Discover Machu Picchu

Machu Picchu
Machu Picchu, ‘Lost City’ of the Incas

Suddenly we found ourselves standing in front of the ruins of two of the finest and most interesting structures in ancient America. Made of beautiful white granite, the walls contained blocks of Cyclopean size, higher than a man. The sight left me spellbound.

When Hiram Bingham went looking for the legendary Inca city of Vilcabamba, the last refuge of the Inca kings, he did not suspect that his journey would lead him to discover the most spectacular archeological site in the Americas—Machu Picchu.

When the expedition from Yale University, of which Bingham was the director, entered the Urubamba Canyon, in July of 1911, a peasant told him of the ancient ruins at the top of a hill called Machu Picchu. Bingham accompanied him up the dense jungle-covered slope to the top, where a child guided Bingham to the ancient stone structures buried beneath tropical vegetation. Bingham was so impressed that he wrote in his diary, “would anyone believe what I have found?”

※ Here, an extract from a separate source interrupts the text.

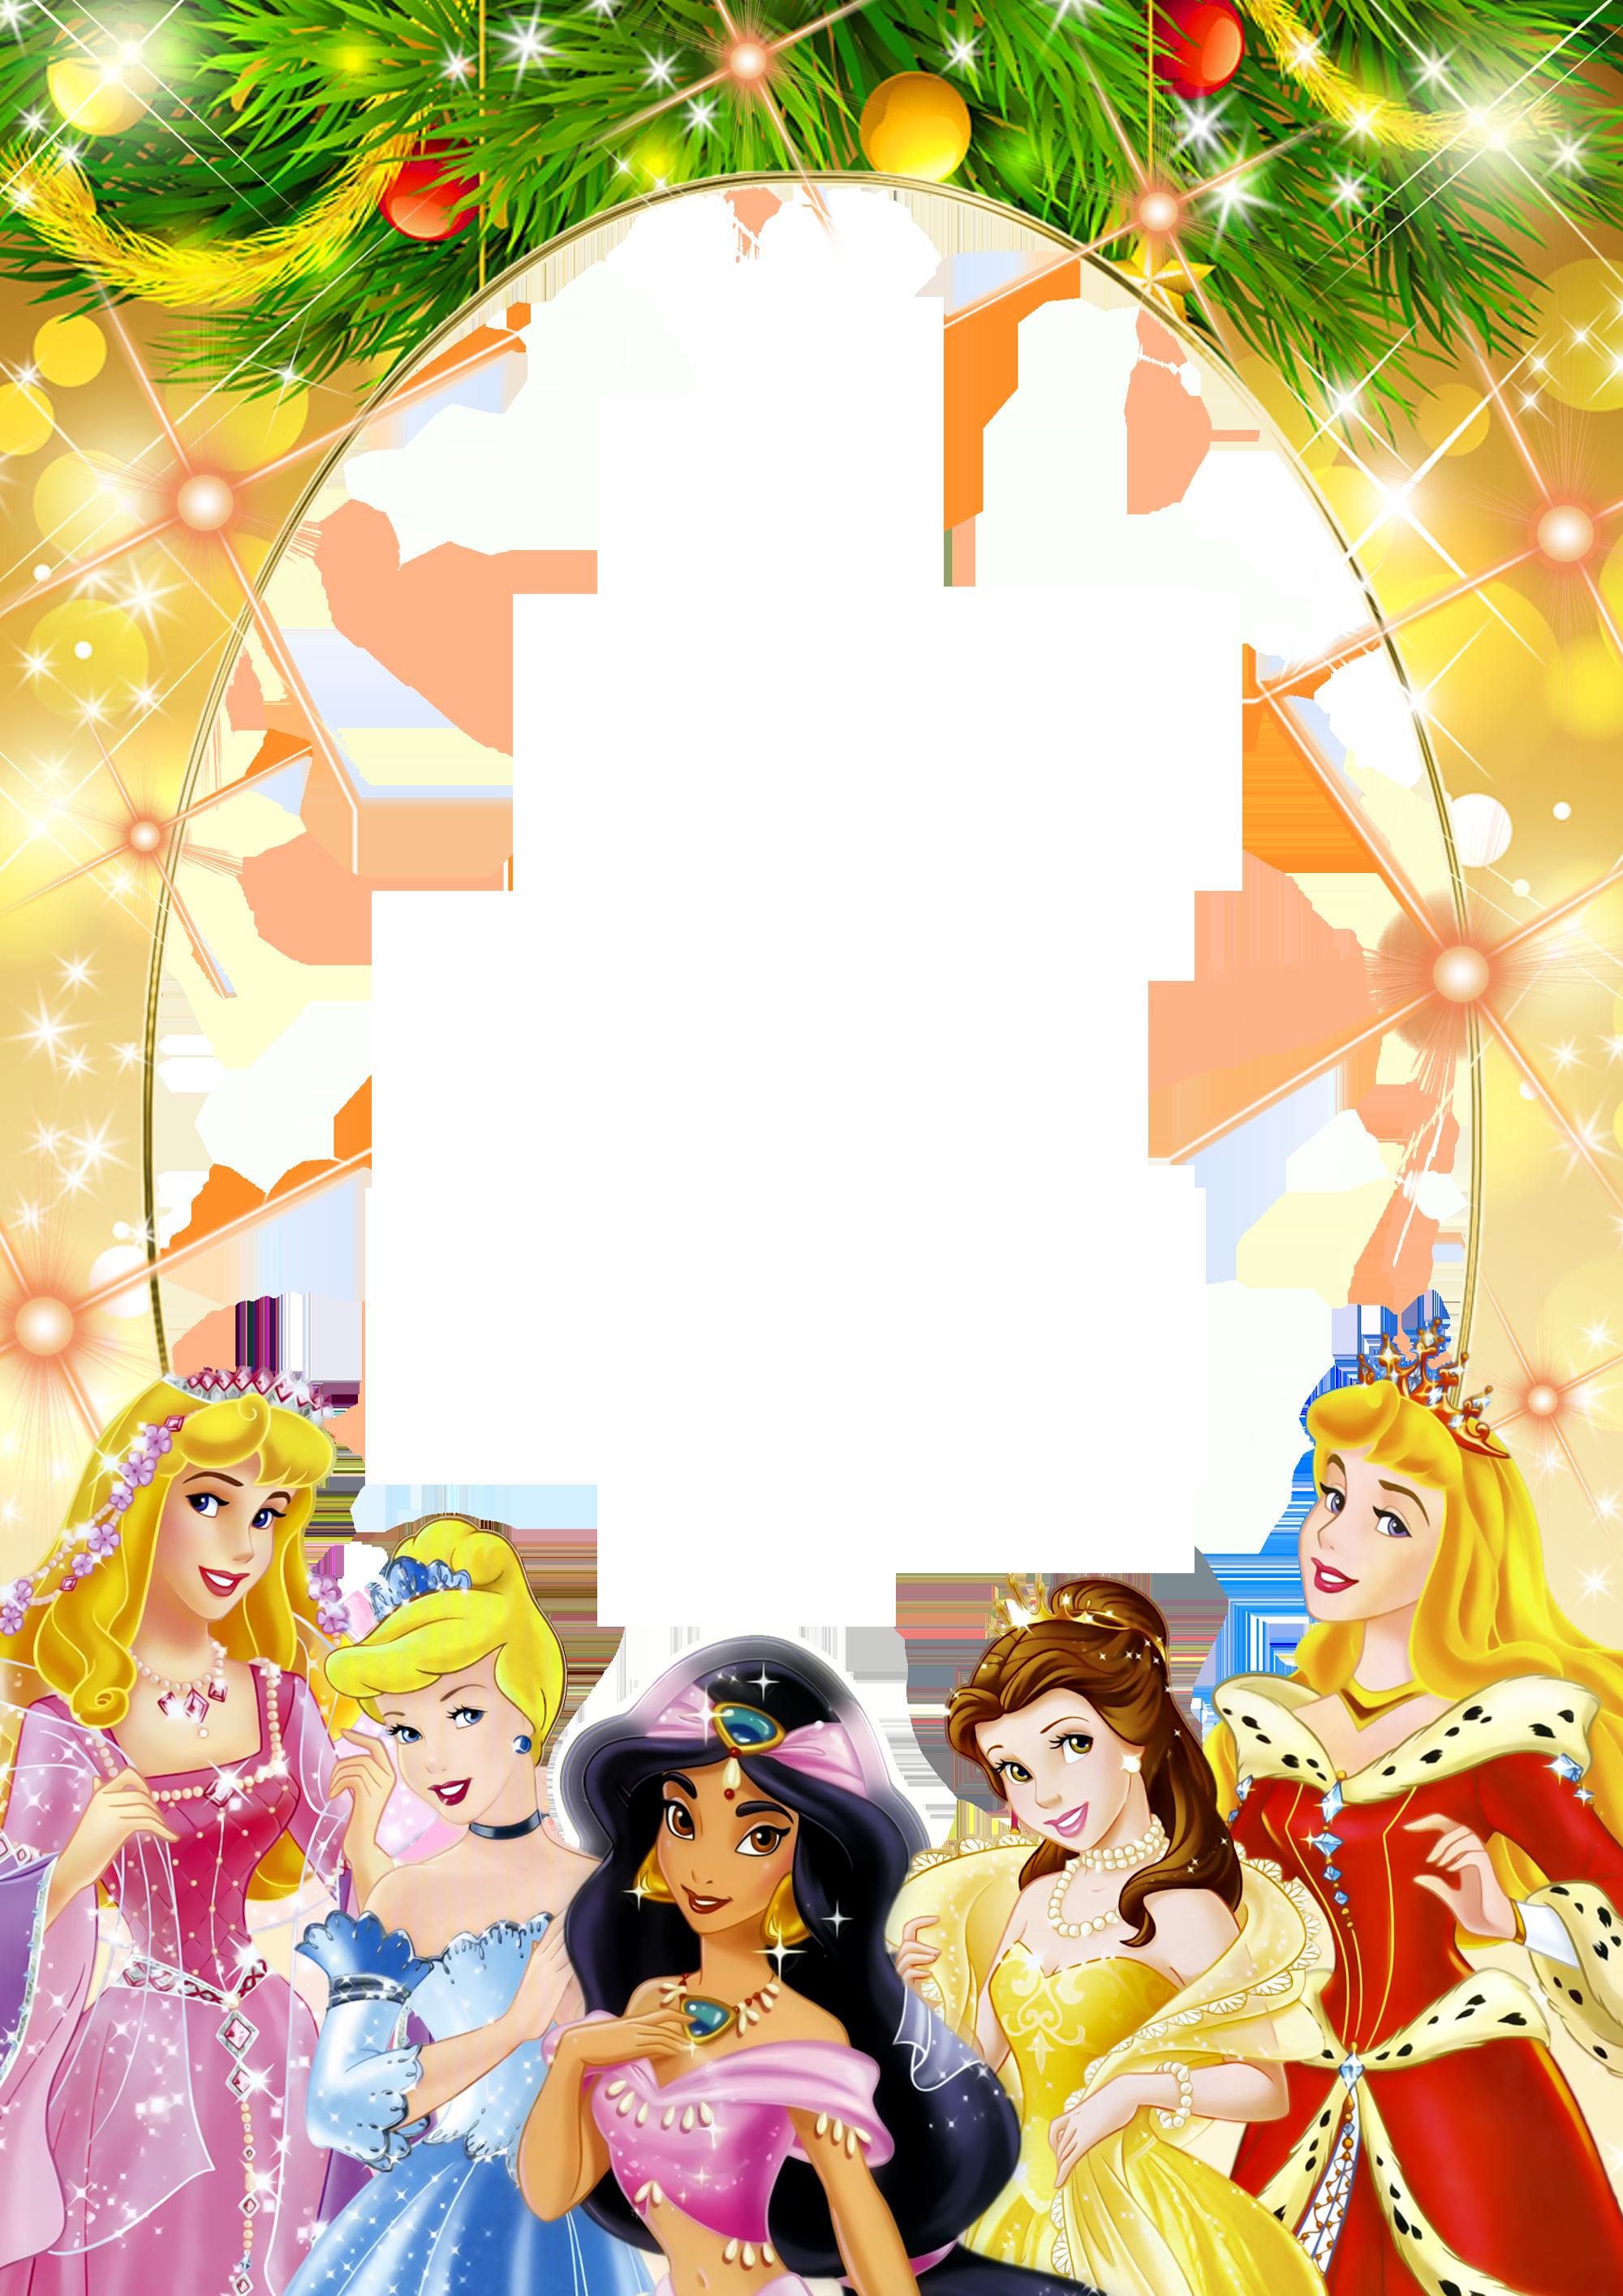 Transparent Kids PNG Frame with Christmas Princesses | Printables ...

Hiram Bingham Discovers Machu Picchu
Hiram Bingham in 1911

It is hard to imagine a more spectacular setting—an ancient stone city 1,300 feet above a frothing whitewater river, surrounded by jungle-covered peaks and brilliant orchids.

Of the two surrounding peaks, the first is named Huayana Picchu, which translates to “young peak” and is the one most often seen in photographs. The second peak is called Machu Picchu or “older mountain.” The original name of the city has long been forgotten.

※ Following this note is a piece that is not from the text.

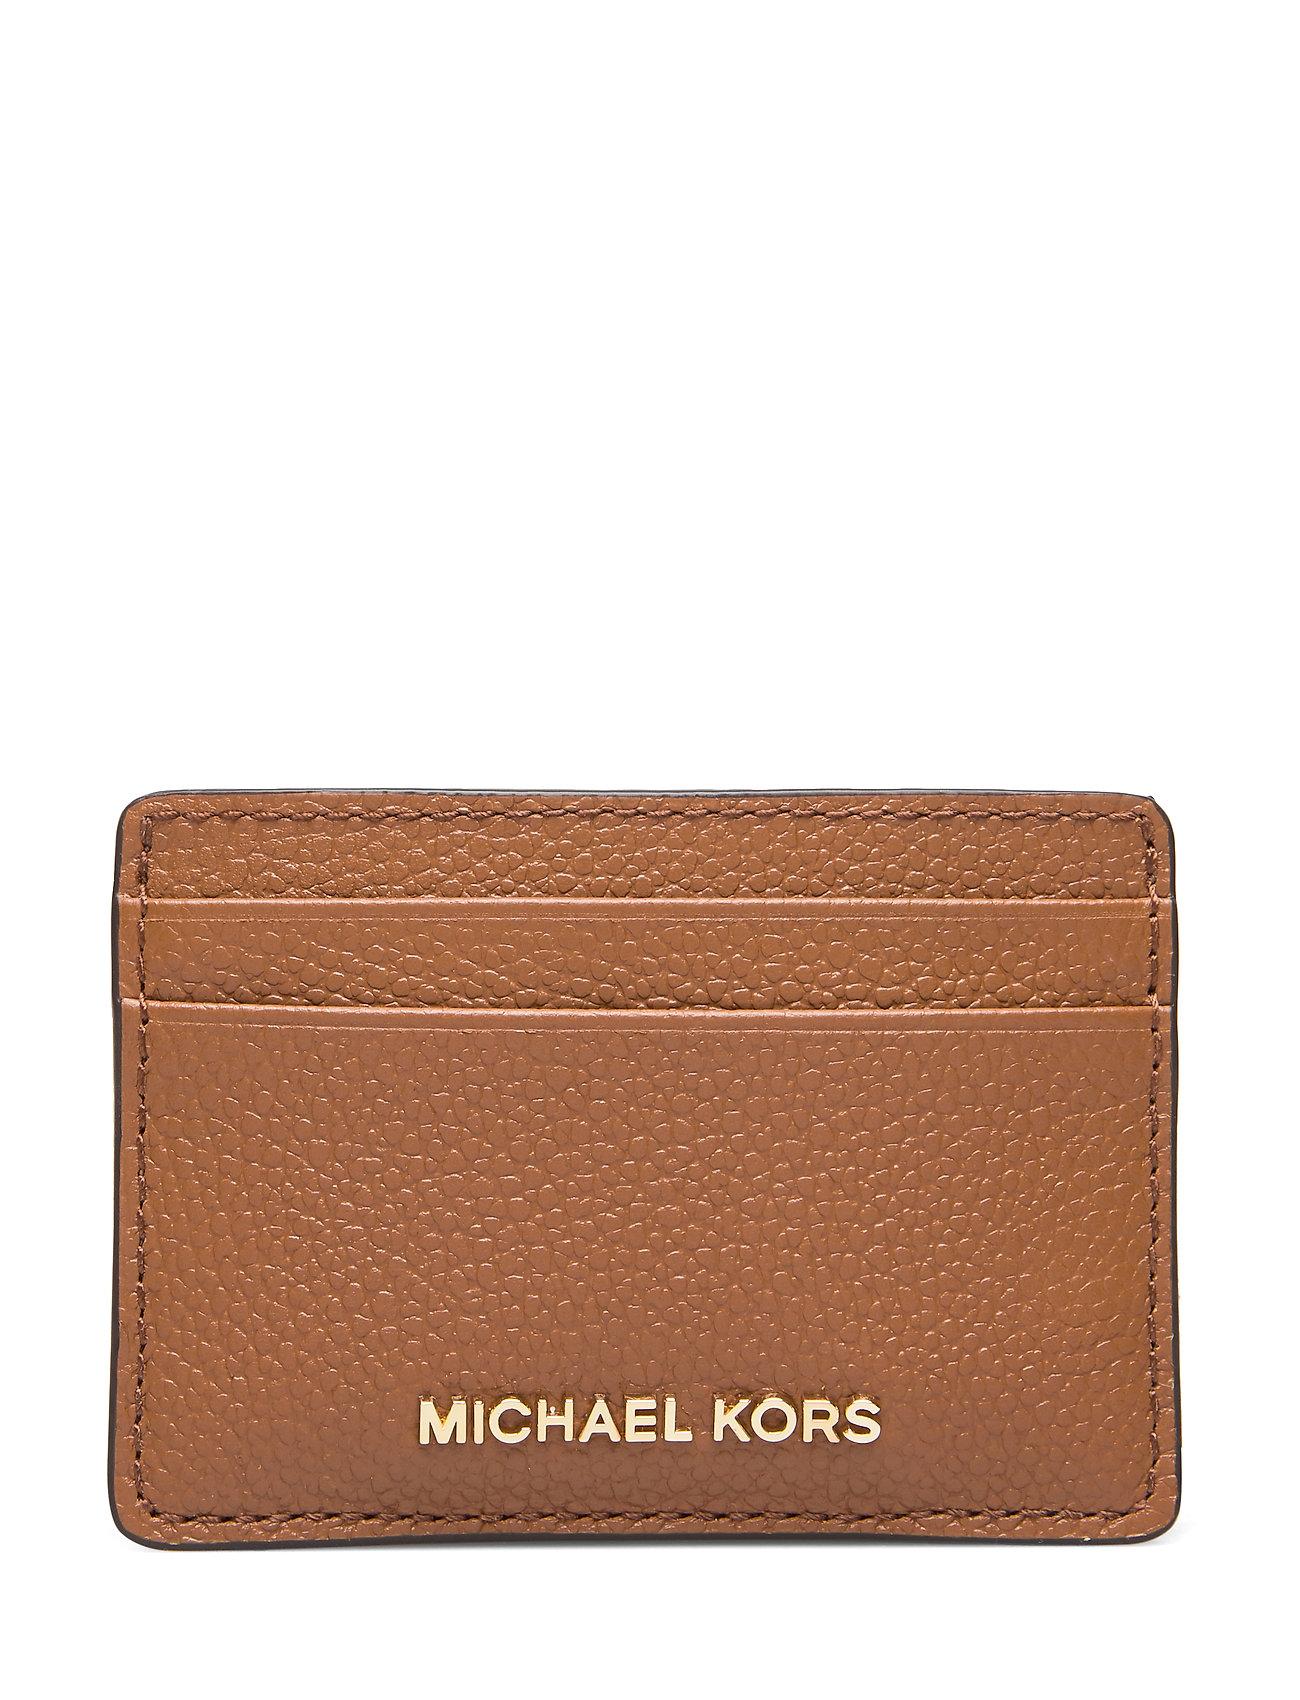 Michael Kors Bags CARD HOLDER - LUGGAGE

Until Bingham’s discovery, Machu Picchu had been unknown to the outside world for nearly 400 years. It was a mystery how all knowledge and records of an entire city disappeared. It is now believed that Machu Picchu was not a city at all, but a royal estate and religious retreat, built around 1460 and located off the main routes. It could only be reached by paths accessible to those traveling by royal decree. The Incas had no written language. Their history was kept by verbal historians, who, following the collapse of the Inca state, were unemployed. Few of the Inca people ever knew that Machu Picchu even existed. As the Spaniards advanced into Peru, around 1527, half of the population died of small pox. This was followed by civil war and the abandonment of Machu Picchu. Thus, this magnificent “stone city” disappeared.